Не высказывая этого вслух, Луньков давал понять своим отношением к мальчишке, что признаёт его превосходство уже только из-за «цвета крови» — с завидным постоянством мужичок незаметно оттеснял парня от уборки камеры и всякий раз выписывал на себя книги, интересовавшие соседа. И слушал Евгений, не перебивая, сколько бы Барабан ни говорил.
Луньков был одним из десятков миллионов русских, в чью генную память, накопленную за тысячелетнюю историю насилия и унижений, воспринимавшихся этим народом Божьей данностью, бессрочно вселились покорность и безропотность. Вселились и въелись в их души так же нестираемо, как грязь в ладони этого крестьянина.
Для начала Влодзимирский вызывал Лёньку на короткую беседу. Он шумно пугал юного арестанта и увидел, что бесследно это не пройдёт — Барабанов нервничал. Перед серьёзным допросом чекист решил проанализировать беседы в 89-й камере, и уже вскоре генерал изучал стенограммы. Судя по разговорам, у Барабана «изо всех щелей» пёрли тоска и печаль. Начслед решил, что клиент созрел и его пора обрабатывать в свете разговора с Меркуловым. На этот раз Лёню поручили комиссару госбезопасности 3-го ранга Василию Ивановичу Румянцеву.
— …Гражданин Барабанов, расскажите, как создавалась тайная антисоветская организация «Четвёртая Империя»?

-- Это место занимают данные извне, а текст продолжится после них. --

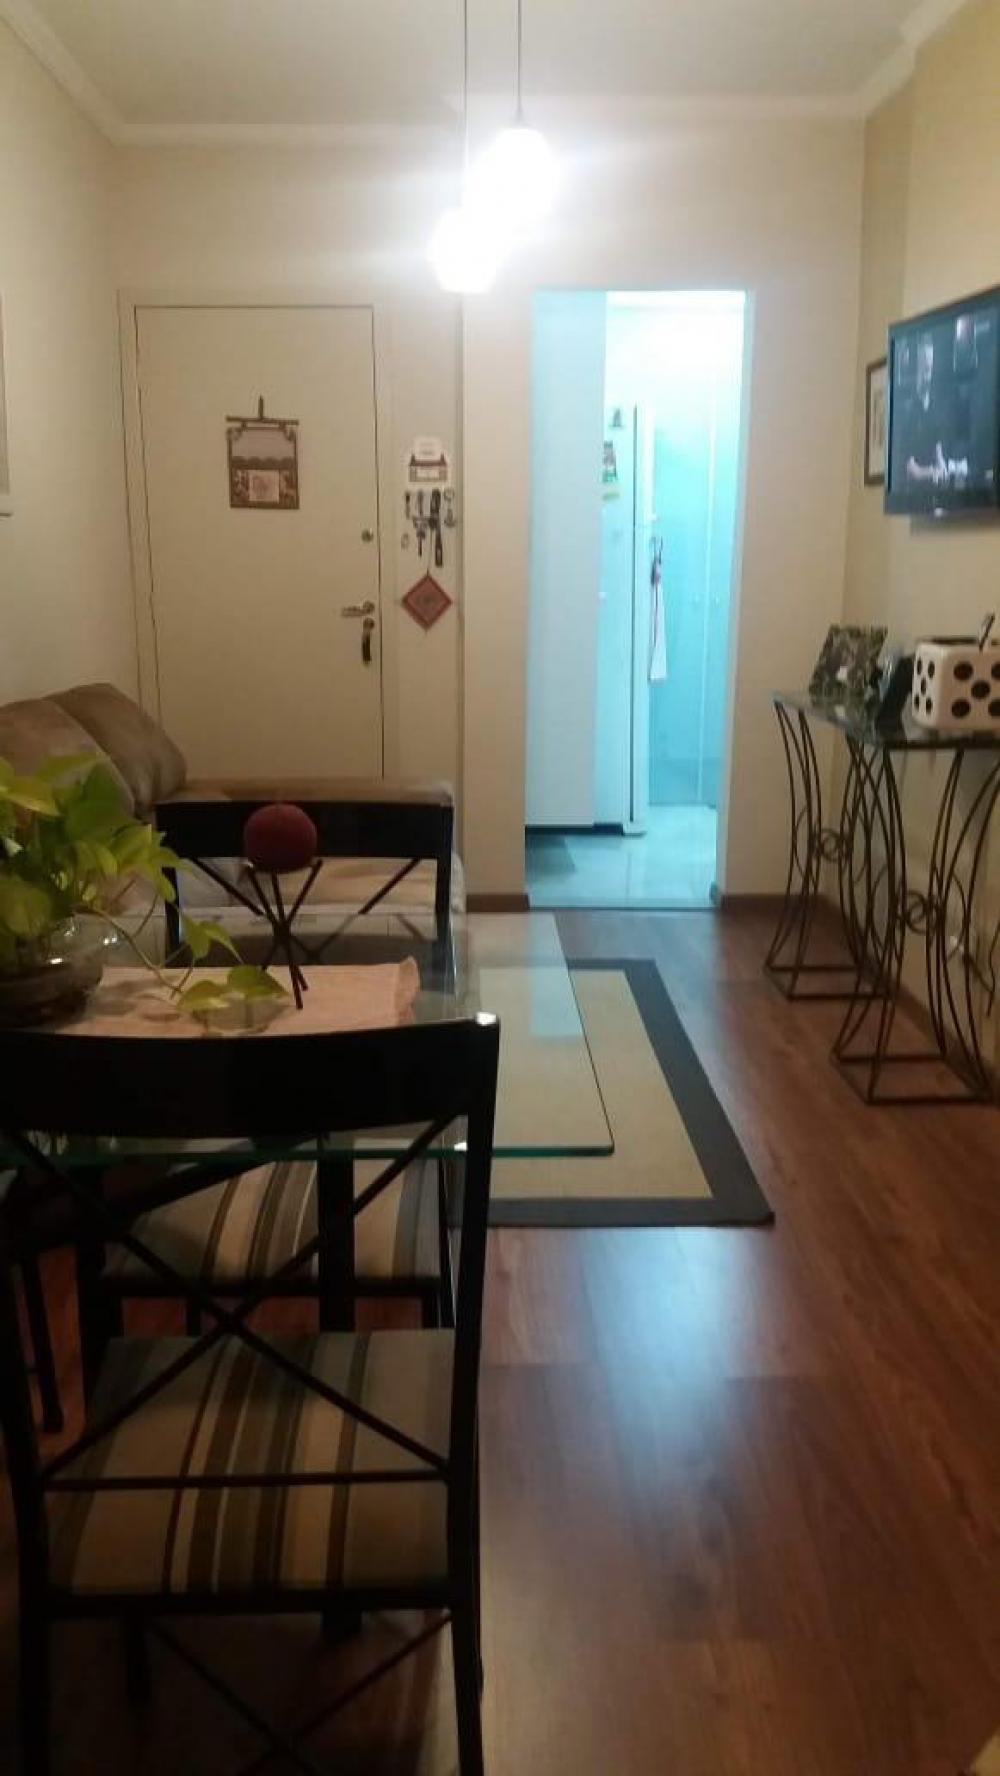 Excelente apartamento com sacada, sendo sala 2 ambientes com painel, 2 dormitórios (1 com armário), banheiro social com box e gabinete, cozinha planejada e área de serviço. Excelente acabamento e 1 vaga de garagem. Aceita financiamento e FGTS.

— Она не была антисоветской!
— Не вам решать этот вопрос.
— А кому, товарищ следователь?
— Забываетесь — для вас больше нет слова «товарищ»!
— Извините… я оговорился.
— Жду ответа на вопрос.
— …И все-таки, кому решать?
— Судебной или внесудебной инстанции.
Лёнька молчал и думал: «А почему он называет организацию 'антисоветской', если это будет решать не он?» Но задать этот вопрос побоялся.

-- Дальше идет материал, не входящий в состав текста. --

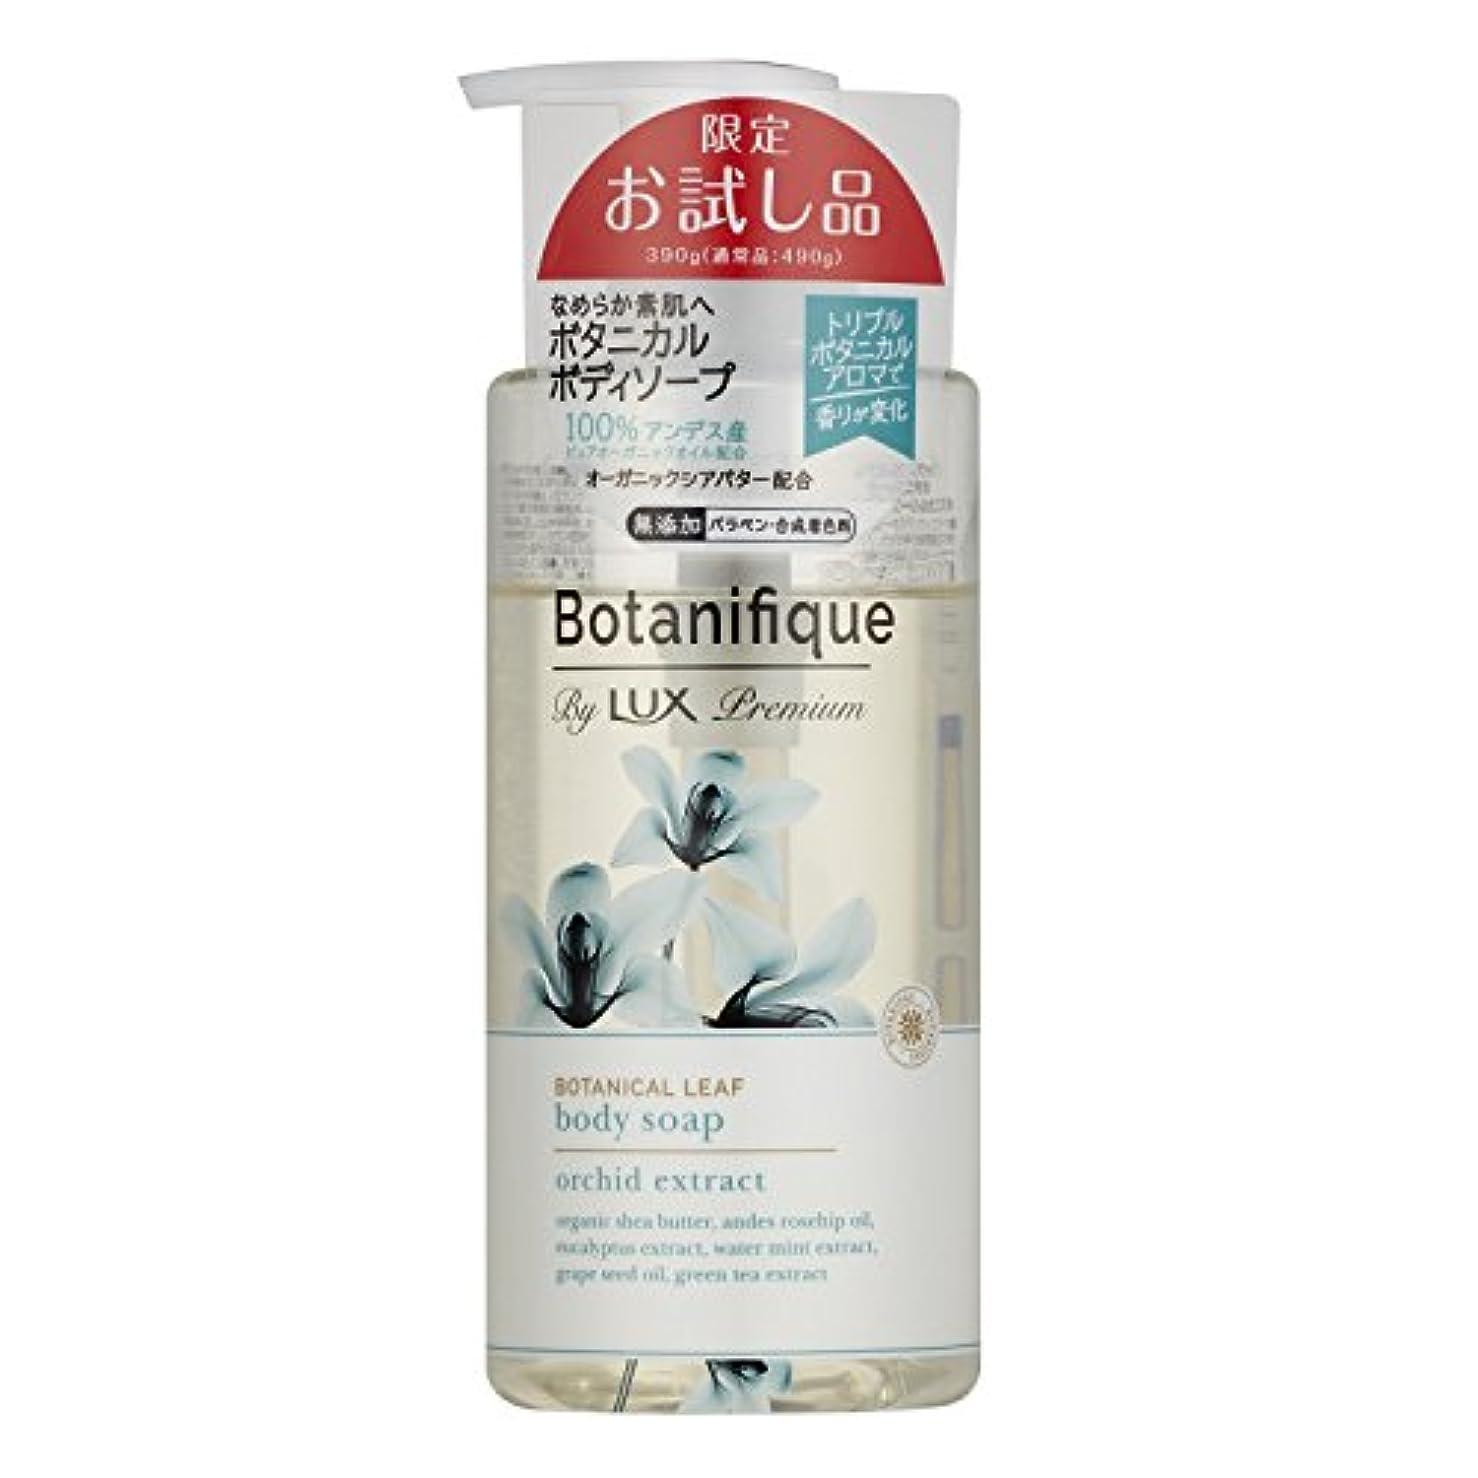 お祝いリンケージ結核ラックス プレミアム ボタニフィーク ボタニカルリーフ ボディソープ ポンプ(ボタニカルリーフの香り) お試し品 390g

— Обвиняемый, я жду ответа.
— У нас не антисоветская организация.
— Будете уходить от ответа на вопросы следствия — ничего хорошего не ждите — ведь от того, какое мнение об обвиняемом вынесем мы, зависит и мера наказания. Ваши «друзья» уже полностью сознались в совершённом преступлении, и это пойдёт им в зачёт, а вот вы запираетесь. О таком поведении гражданина Барабанова придётся поставить в известность суд, и можете не сомневаться — он истолкует его как отягчающее обстоятельство.

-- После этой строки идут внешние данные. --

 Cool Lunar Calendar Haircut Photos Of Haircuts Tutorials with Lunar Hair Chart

Румянцев до такой степени уверенно говорил о наказании, что Лёнька поверил в его неотвратимость, тем более что нынешнее нахождение в тюрьме красноречиво свидетельствовало о правоте чекиста. Лёню никто не учил, как вести себя на допросе, и очень не хотелось раздражать генерала, но одно он знал совершенно точно — никогда у него не возникало даже намека на антисоветские мысли.
— Гражданин следователь, я расскажу всё, но, честное слово, «Четвёртая Империя» — не антисоветская организация.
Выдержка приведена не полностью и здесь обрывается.